Should you just blame not having learned on the that and call it a day?

Sure, some people learn without much effort, but I’ve seen an equal amount of people that had to put it a massive amount of effort to be considered ‘smart’ (whatever that means).

I think I consider “well, I tried, it didn’t work, so it’s forever impossible” to be the definition of mediocre. That’s actually still pretty good, as many don’t even try, they’ll give something up as impossible before even starting.

I know people have reasons for that, but I don’t like it.


"Just" is doing a lot of work in that question.

Your framing is someone making the immediate assumption that any failure derives from barriers beyond their control. And I agree, that's just as incorrect as assuming that any failure is due to barriers beyond their control. (It's also really demotivating.) But I think your framing is overly judgmental, because in fact most people who struggle at something have tried many times not to, they just haven't succeeded.

When speaking of other people, you often do not have good context on what they have or haven't tried. They have enormous context that you don't, often context that would be difficult or possible for you to understand from the outside even if you did have it. And to confidently judge that they just don't care without that context, without any awareness of what they have or haven't done, assumes way too much.

For me, doing advanced mathematics is easier than not feeling self-conscious when I talk to a grocery store clerk. Founding a company is easier than reliably keeping the clutter off of my desk. Walking many miles is easier than doing a push-up. I could explain to you why these things make sense within my particular context, but it would take many, many pages of trying to tell you who I am to do that. If you were to judge that I don't care about not being socially awkward, or that I don't care about having a clean room, you would be wrong - those things are just harder for me than they are for for the average person, and I choose (implicitly or explicitly) to put my efforts elsewhere.

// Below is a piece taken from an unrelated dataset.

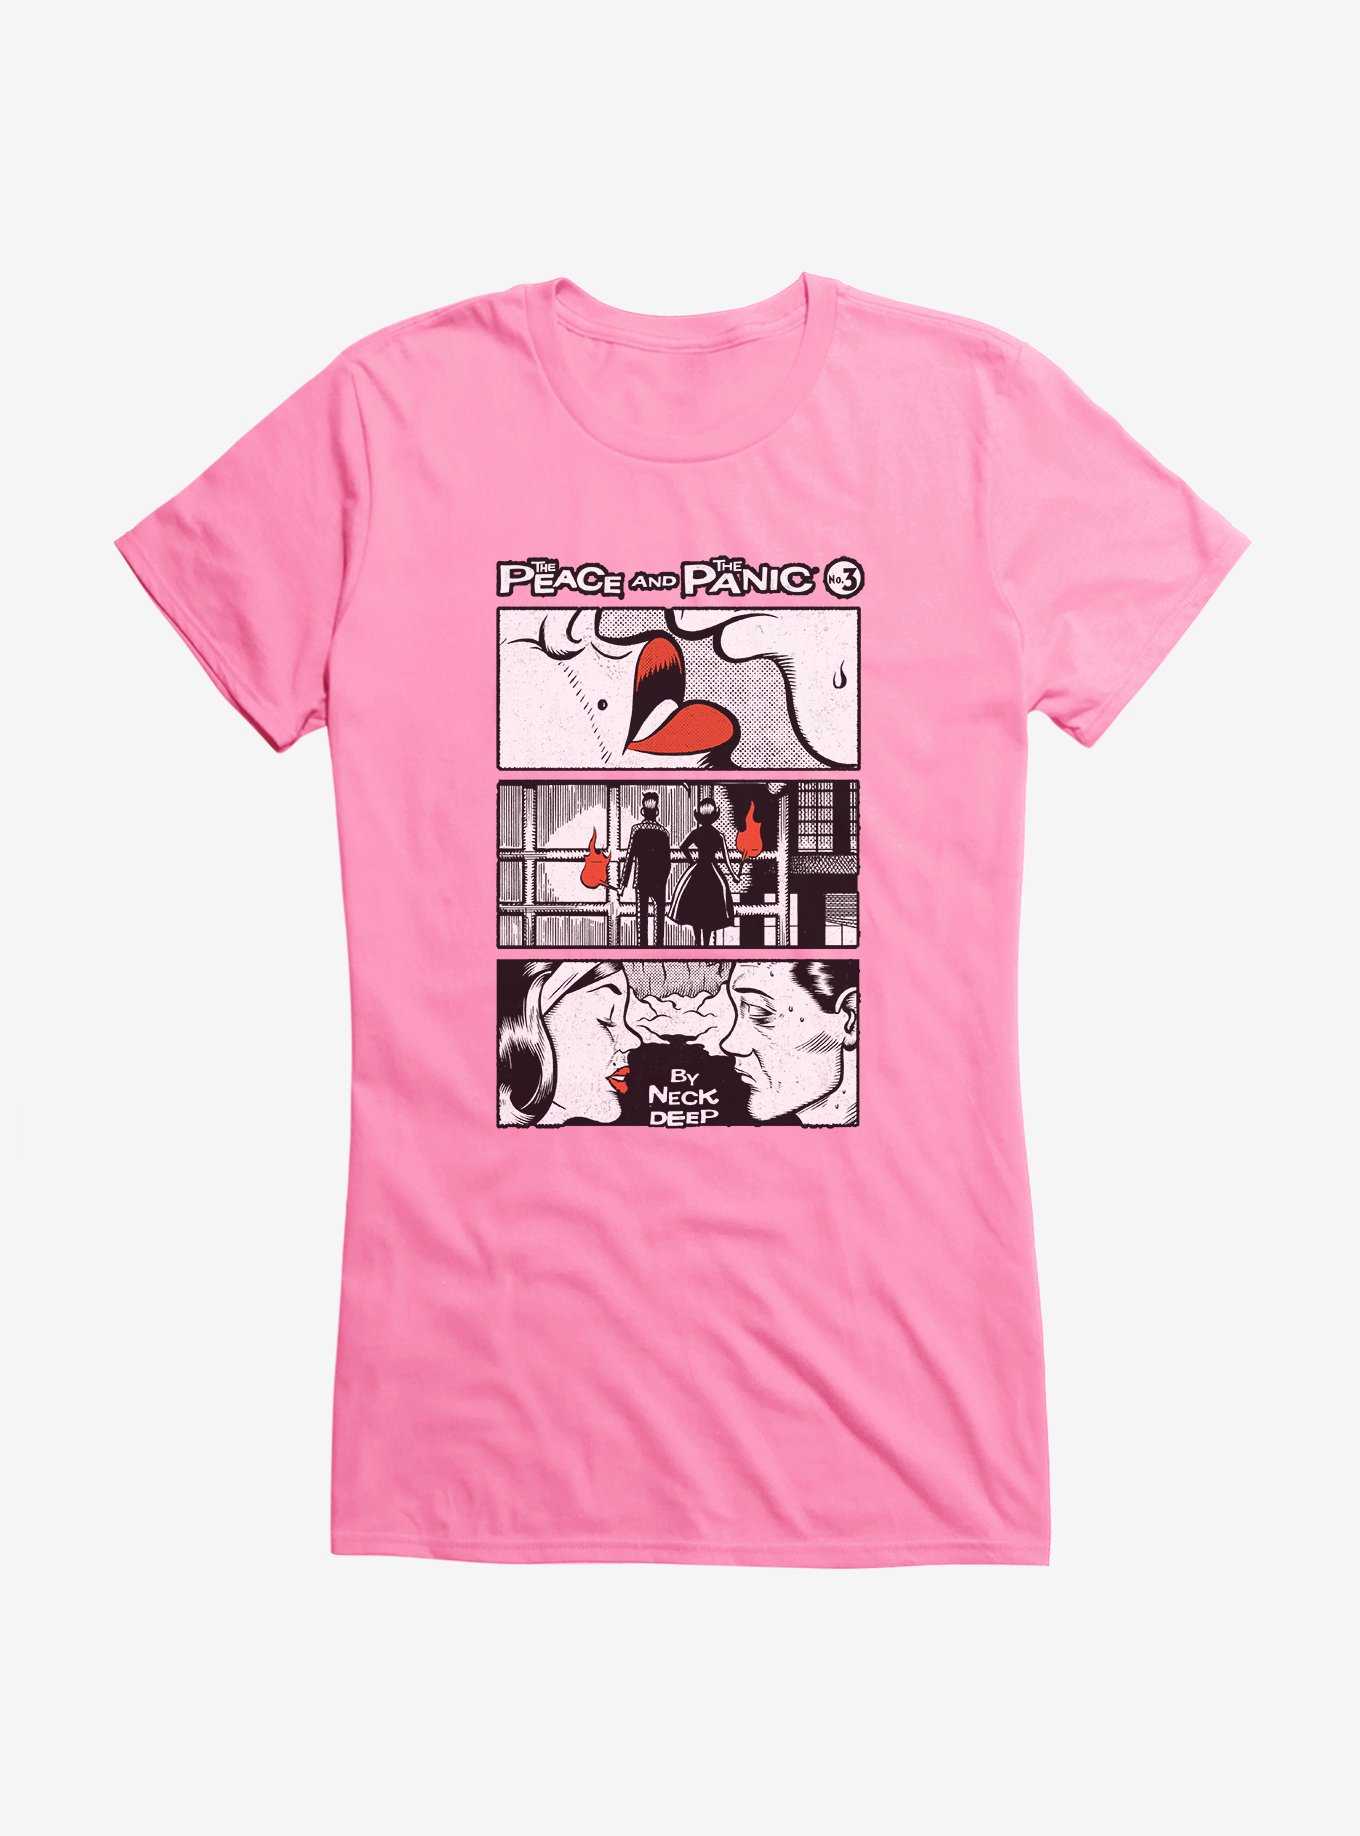 Neck Deep Comic Panel Girls T-Shirt, , hi-res

I don't think that recognizing that is accepting mediocrity. I believe in excellence a great deal! But I think that if you want to seek excellence, you have to do it in ways that recognize what you are. Most of the time, you have to work with what you are and figure out ways to make that work. Once in a great while, something about what you are is so fundamentally at odds with what you want that you have to, at tremendous effort, change yourself. But the latter isn't something you can do every day or in every way.

"I've tried, so it's forever impossible" isn't the position I'm arguing for. The position I'm arguing for is: "I've tried, and it was very difficult, maybe more difficult for me than it is for you. I'm a human being whose resources and motivation (and judgment!) are finite, so I had to make a choice between working on this very hard thing and working on something else or taking some time to recuperate, and this time I decided some other option was better."